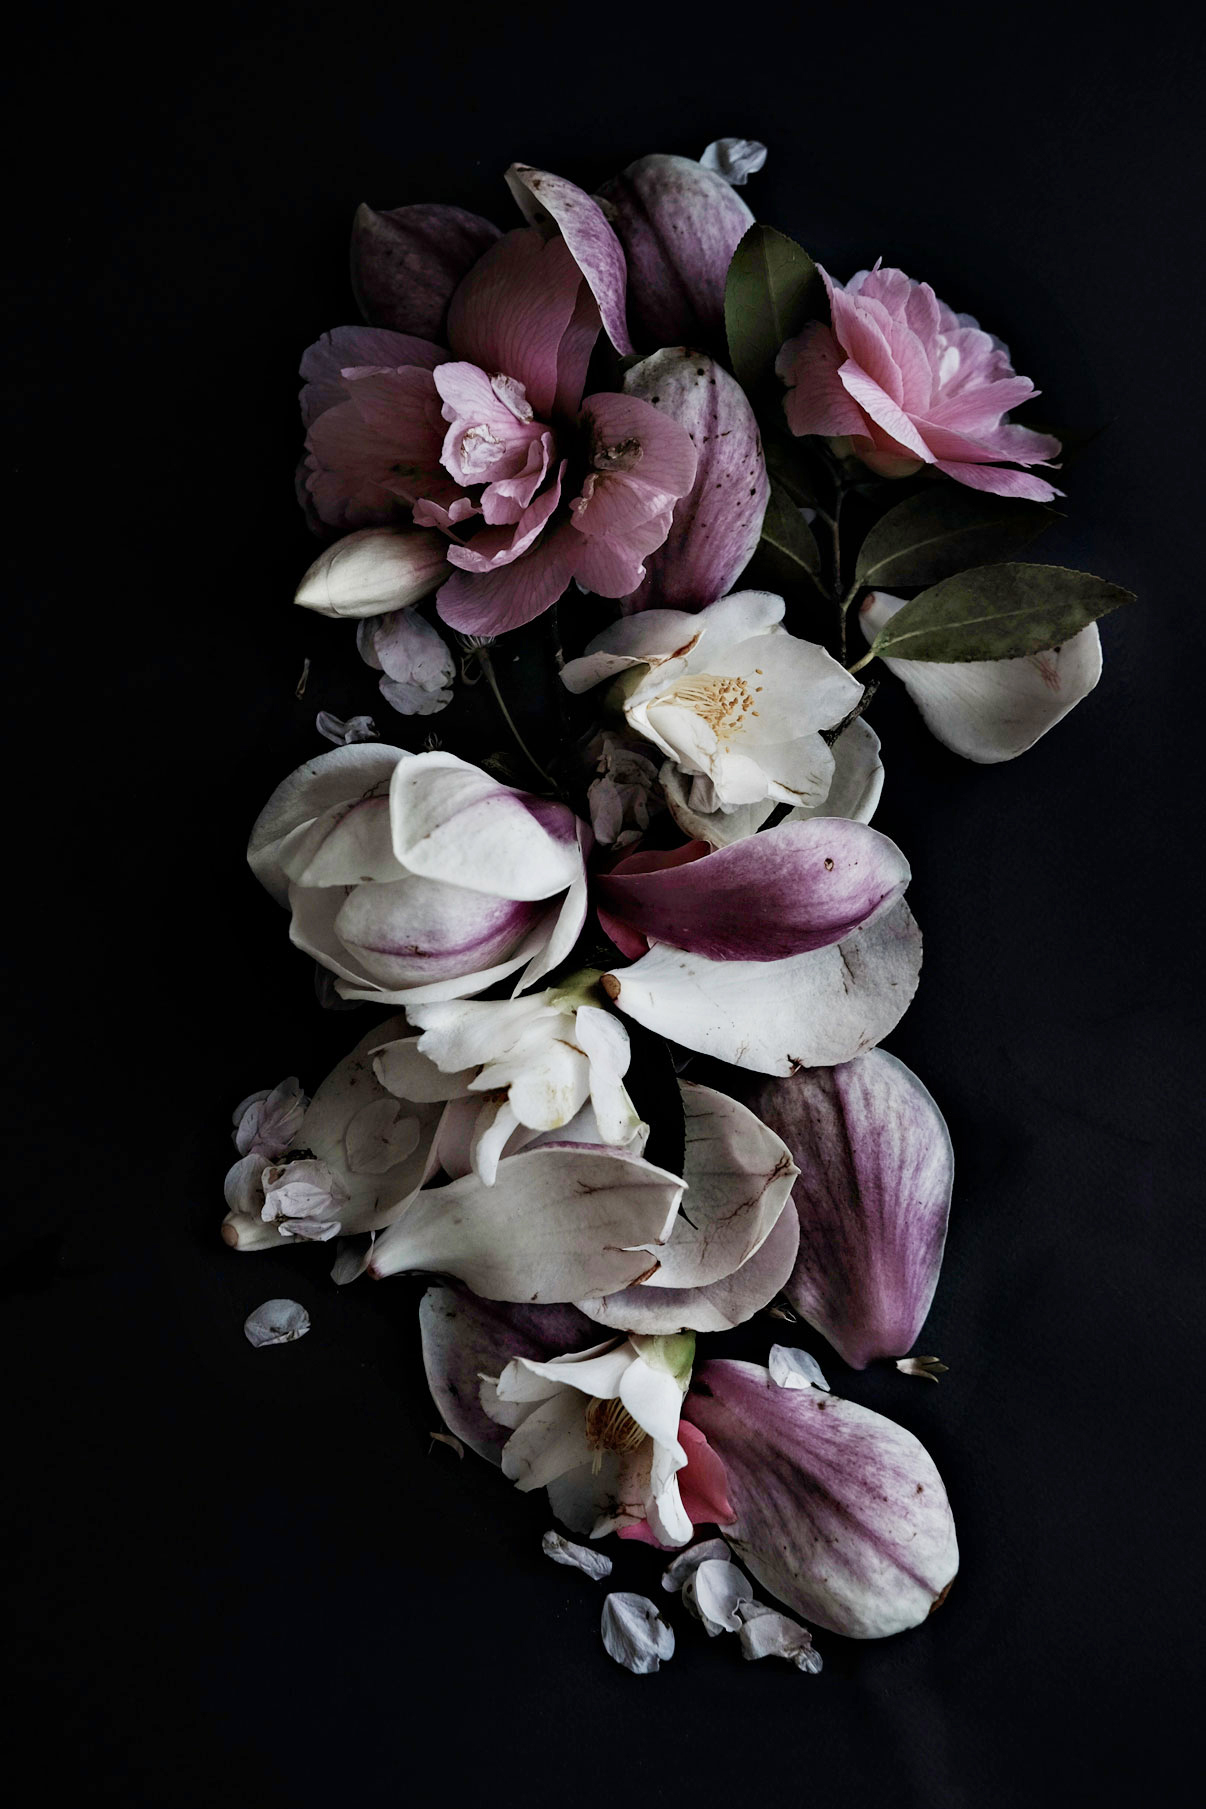 Foraged-flowers-by-Michelle-P.-edited-with-Foto-Rx-Modern-Moody-LR-presets-via-besottedblog
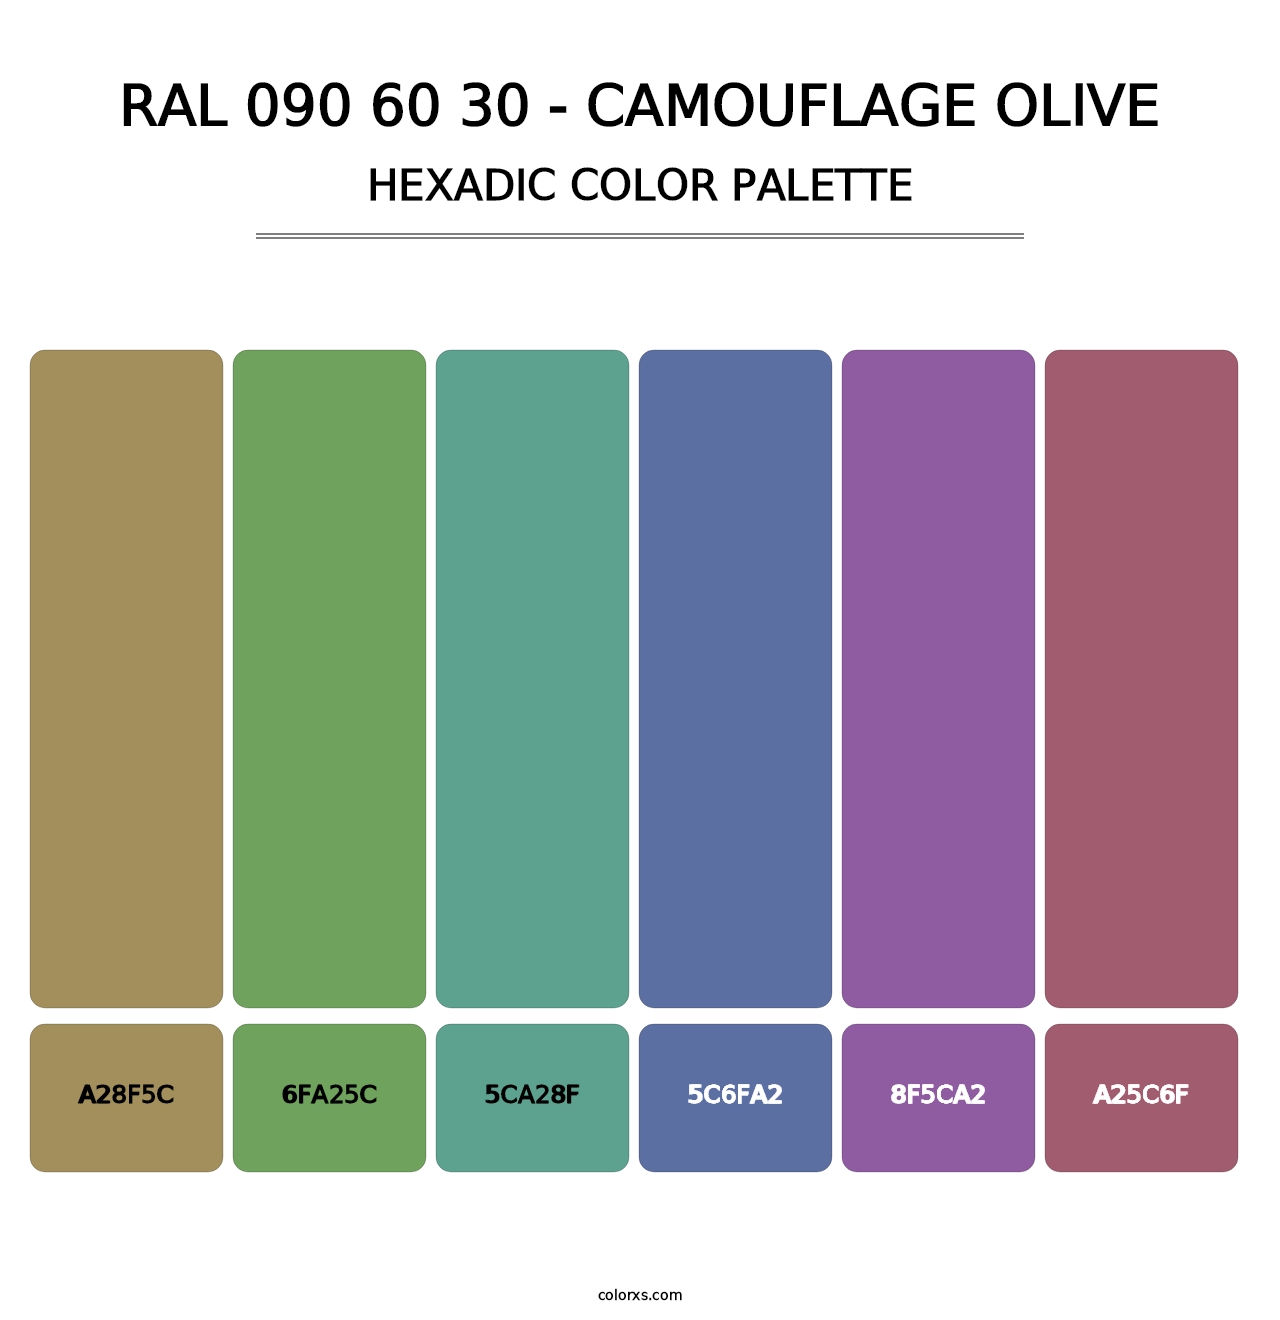 RAL 090 60 30 - Camouflage Olive - Hexadic Color Palette
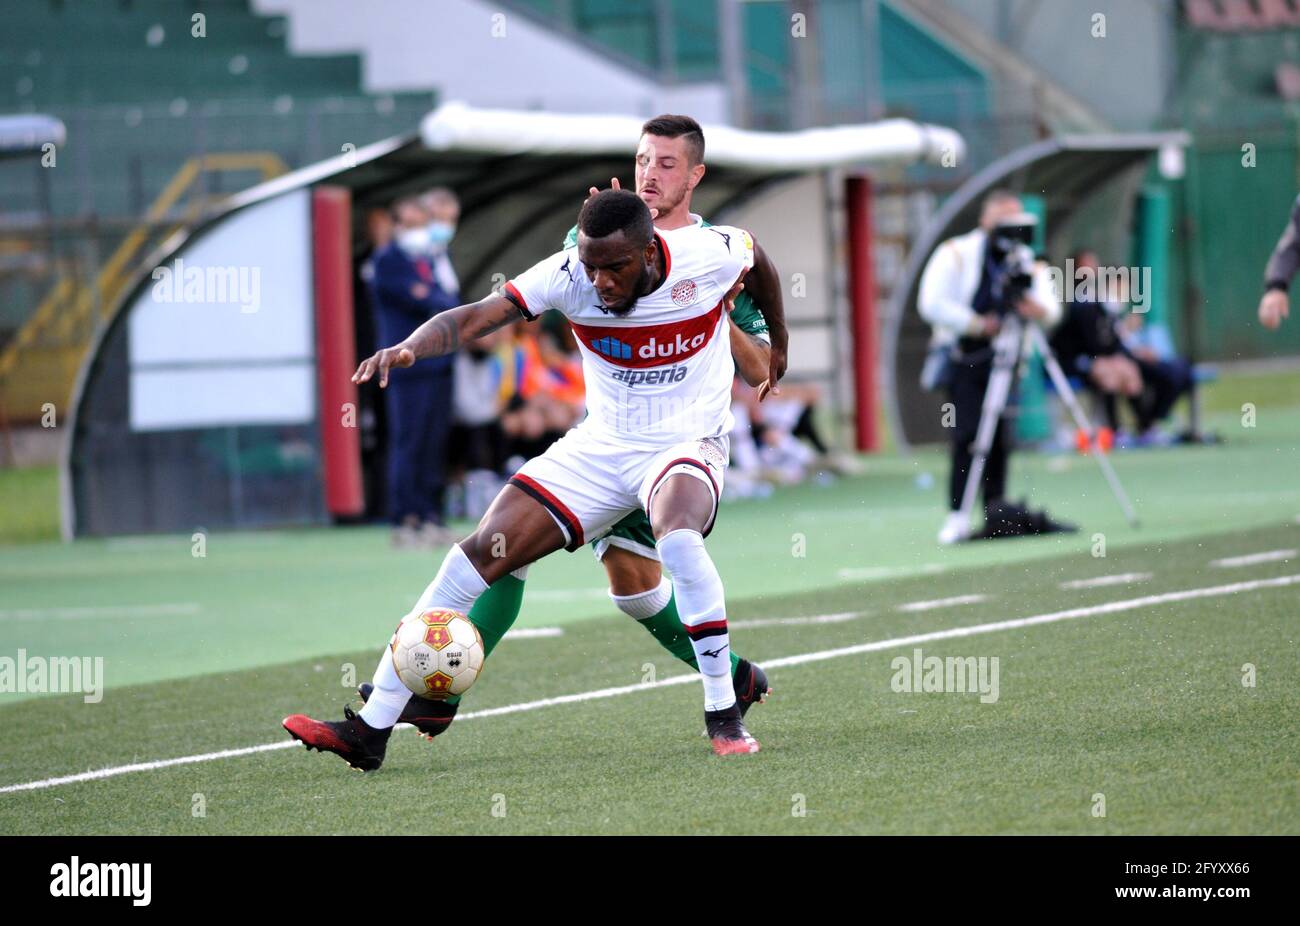 Avellino, Italy. 30th May, 2021. Kevin Venetot FC Sudtirol  during the Lega Pro Playoff match between US Avelino and FC Sudtirol at Partenio Adriano Lombardi stadium. Credit: Alessandro Pirone / Medialys Images / Alamy Live News Stock Photo
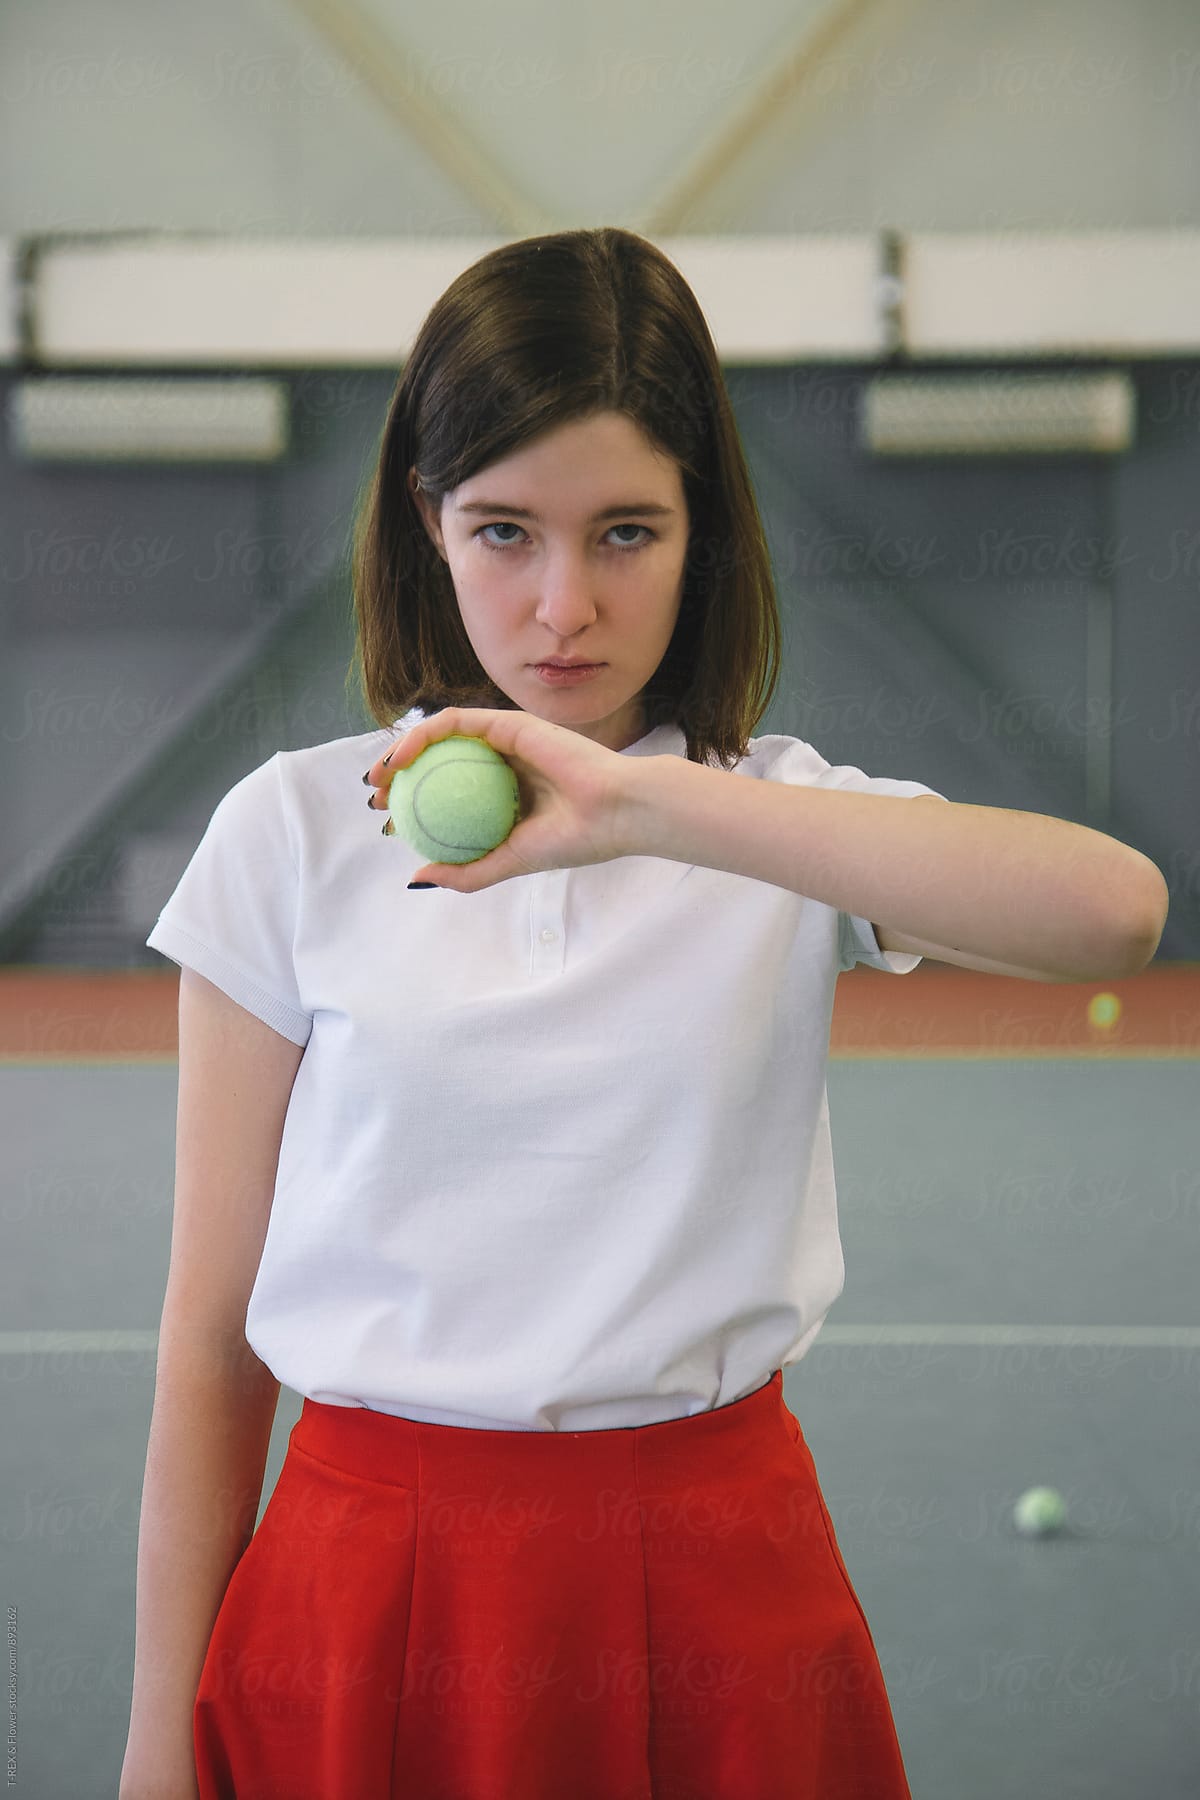 Girl Holding Tennis Ball In Front Of Her While Looking At Camera Del

● **To do**: Print the listing above in full, exactly as written. Omit any pictures.

● **Answer to this exercise**:
 Foraged-flowers-by-Michelle-P.-edited-with-Foto-Rx-Modern-Moody-LR-presets-via-besottedblog
 RAL 090 60 30 - Camouflage Olive - Hexadic Color Palette
 Avellino, Italy. 30th May, 2021. Kevin Venetot FC Sudtirol  during the Lega Pro Playoff match between US Avelino and FC Sudtirol at Partenio Adriano Lombardi stadium. Credit: Alessandro Pirone / Medialys Images / Alamy Live News Stock Photo
 Girl Holding Tennis Ball In Front Of Her While Looking At Camera Del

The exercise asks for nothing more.